> **EXERCISE DESCRIPTION**
Beginning with the line containing "Women heel shoes silhouettes - 14580518", write out each line exactly through the end of the listing, and skip all pictures.

> **DATA**
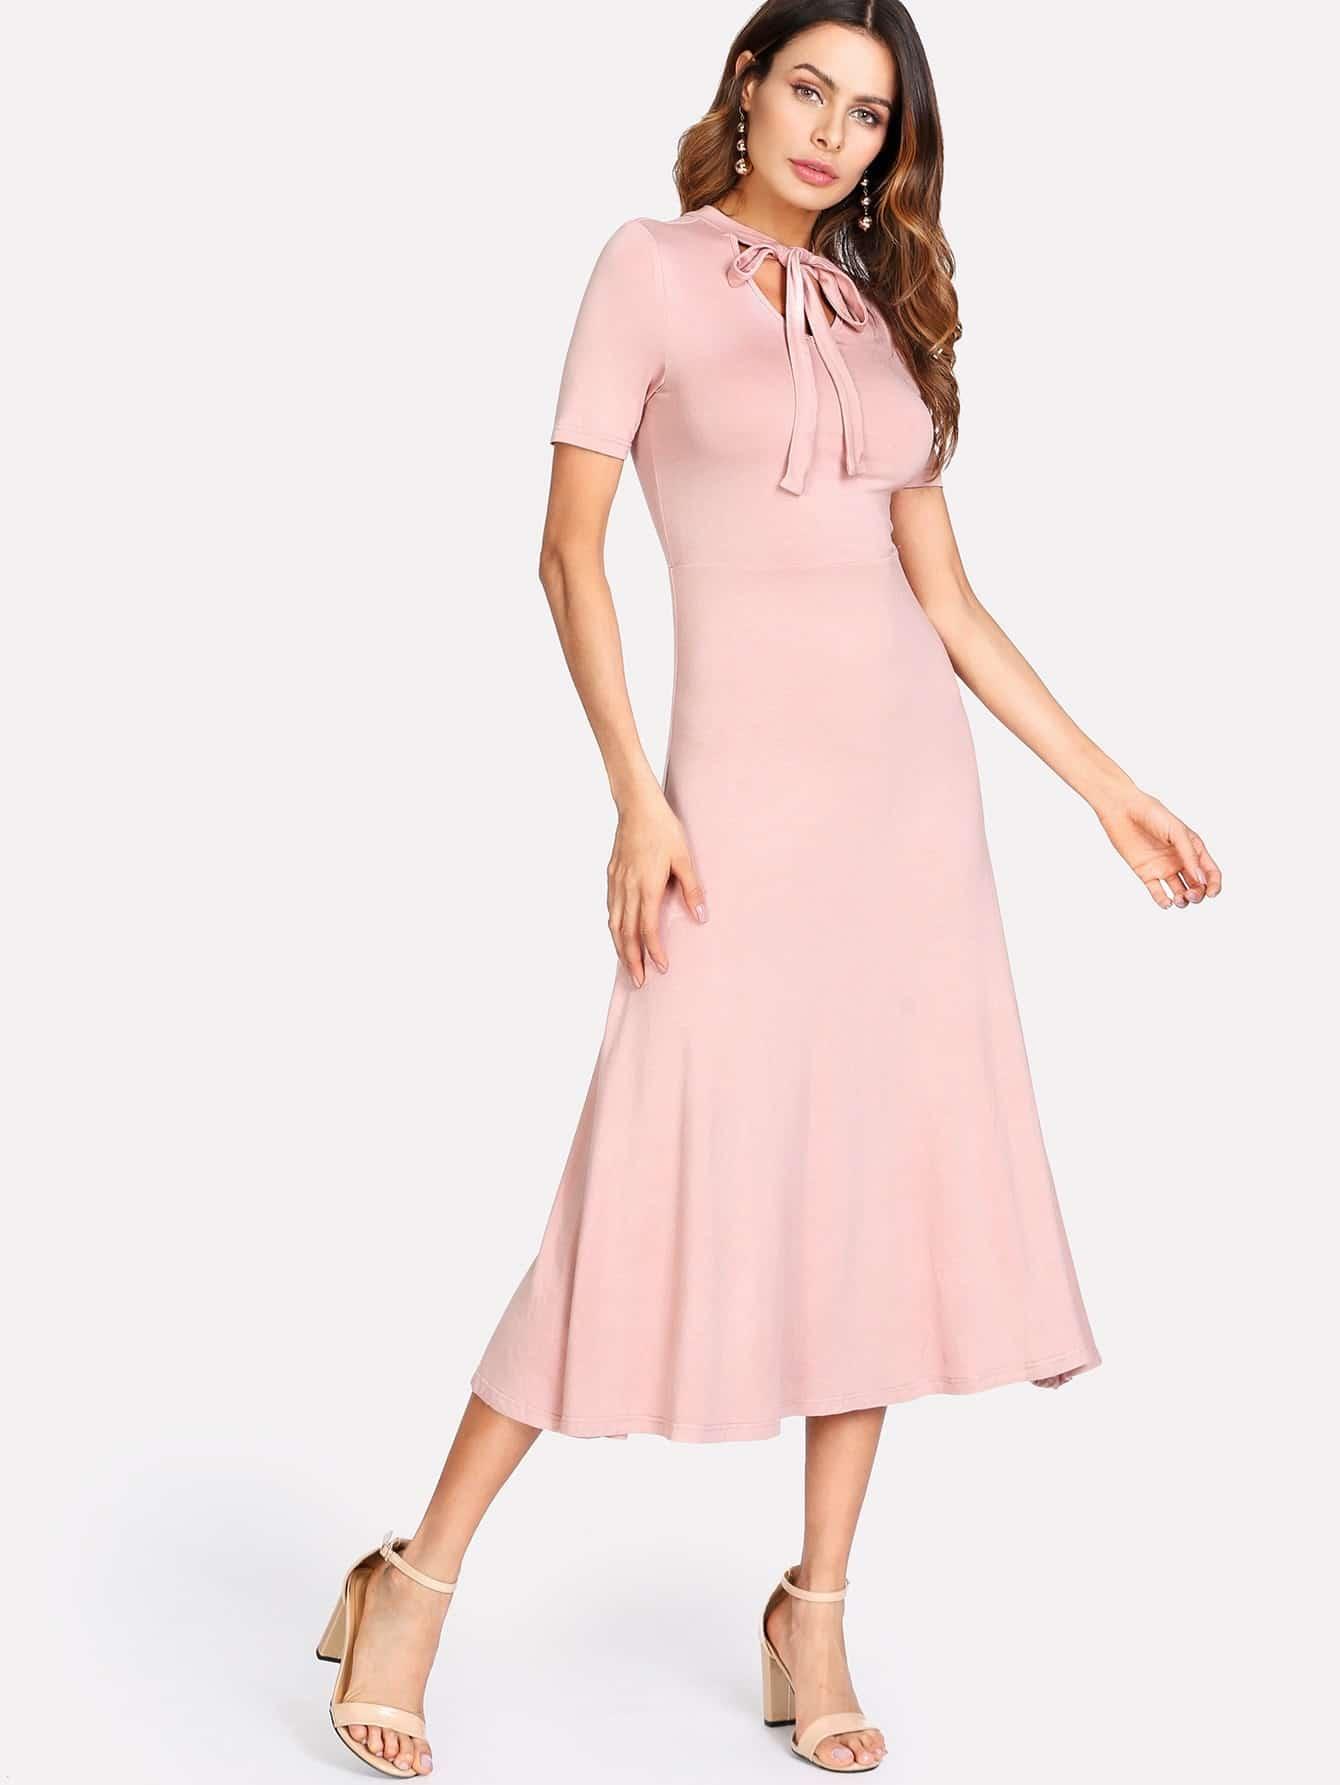 Tied Neck Solid Fit & Flare Dress bishop sleeve tied neck striped flare dress
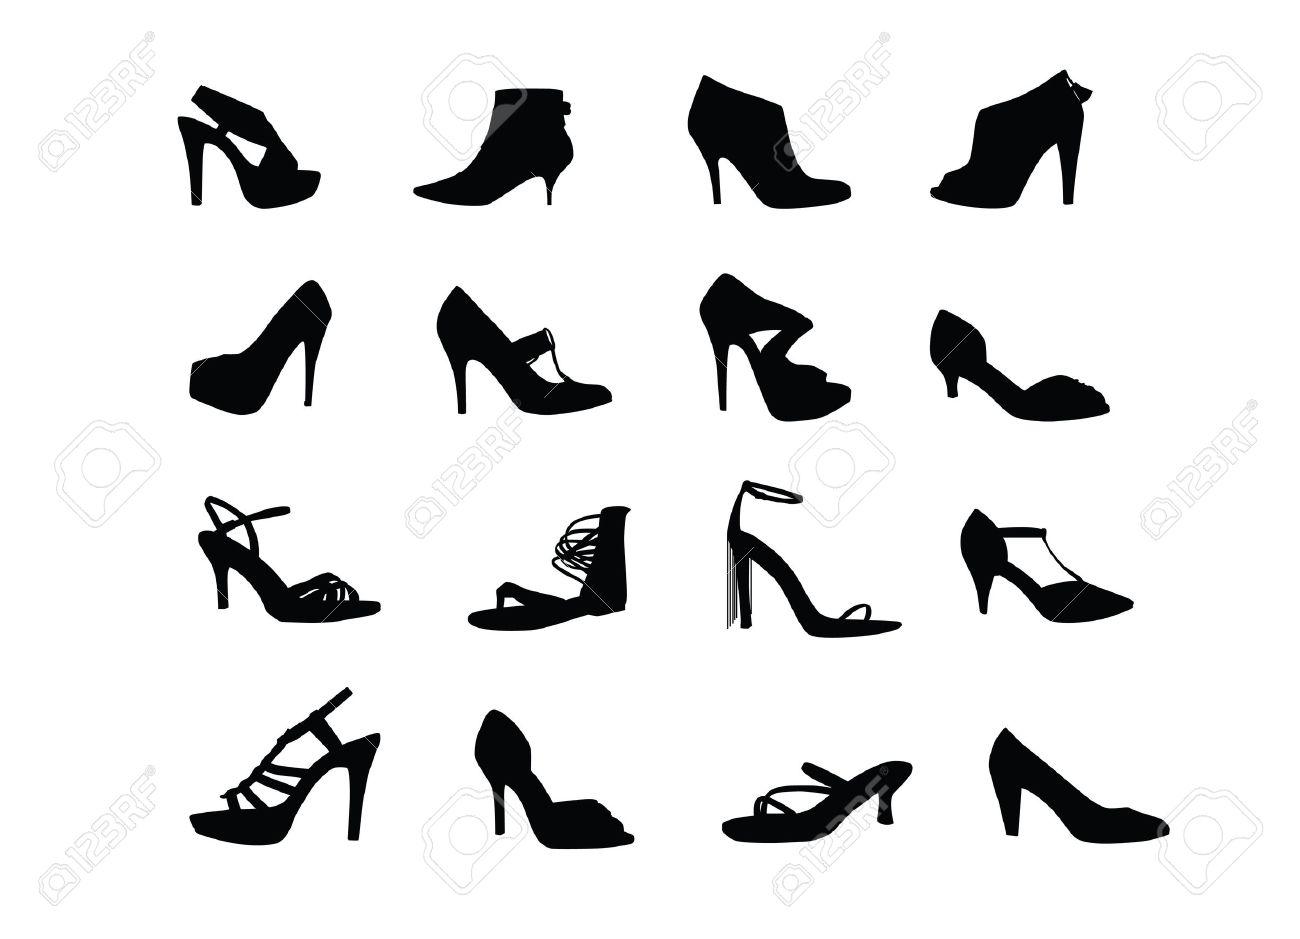 Women heel shoes silhouettes - 14580518
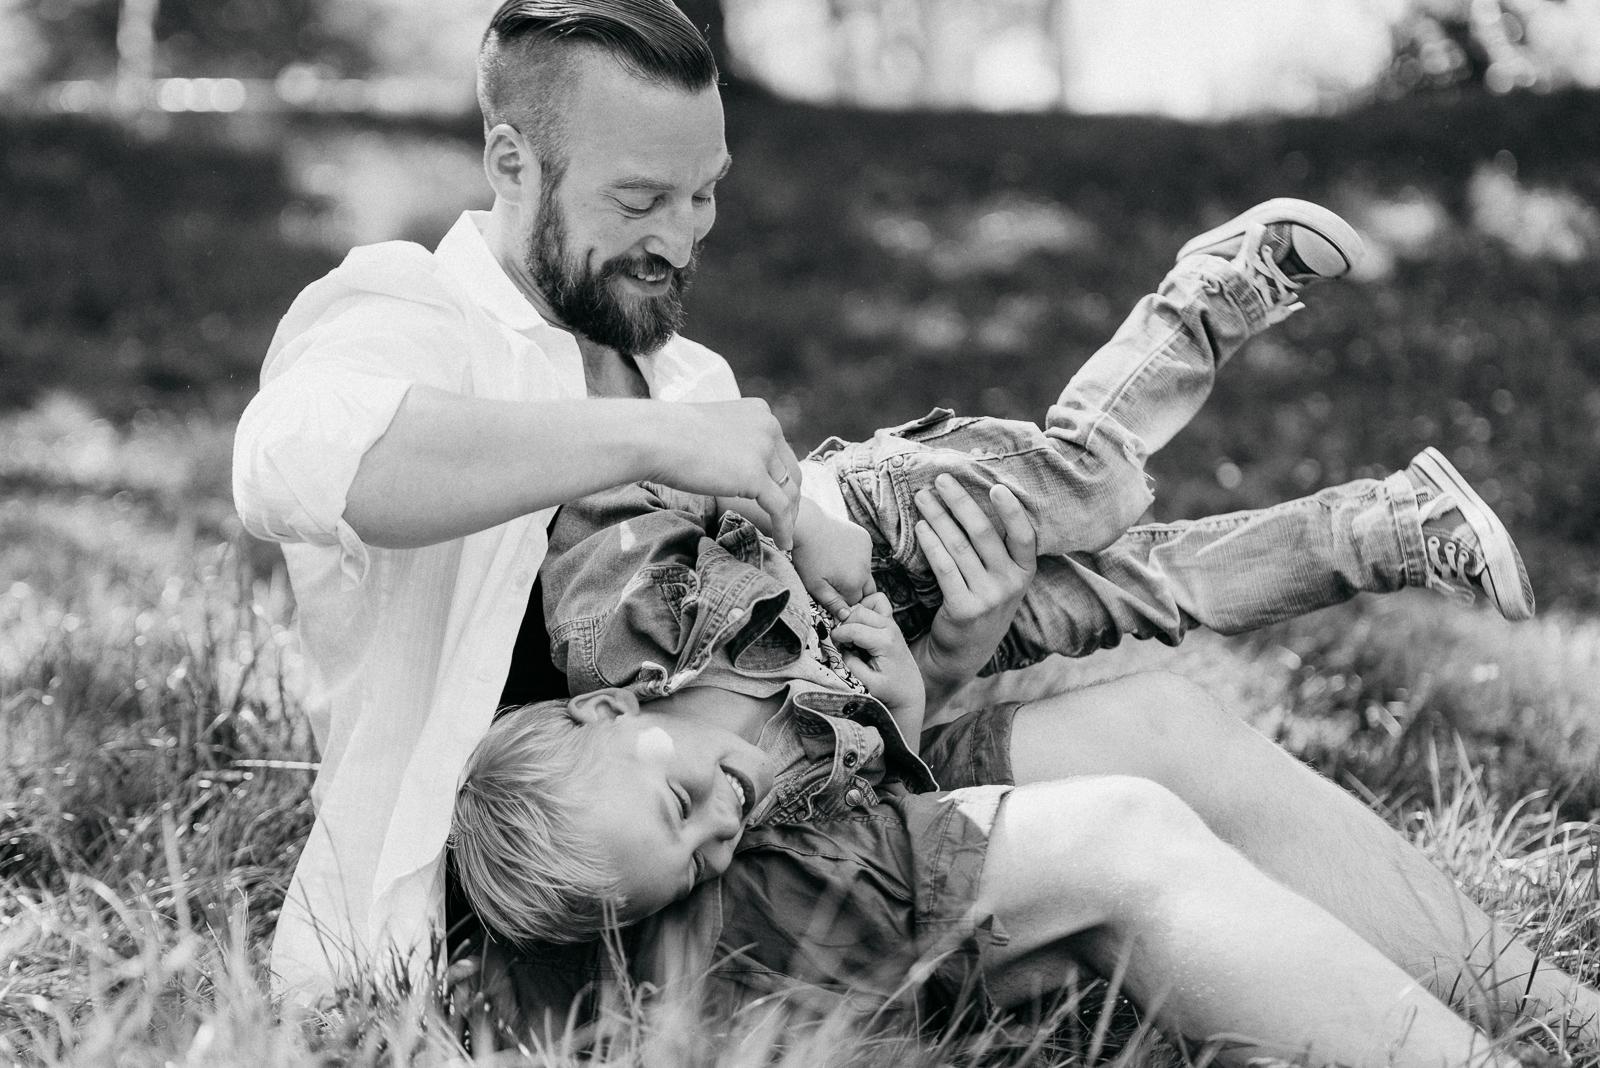 027-designparaplus-familie-fotografie-essen-familienshooting

> **RESULT FOR THIS EXERCISE**
 Women heel shoes silhouettes - 14580518
 027-designparaplus-familie-fotografie-essen-familienshooting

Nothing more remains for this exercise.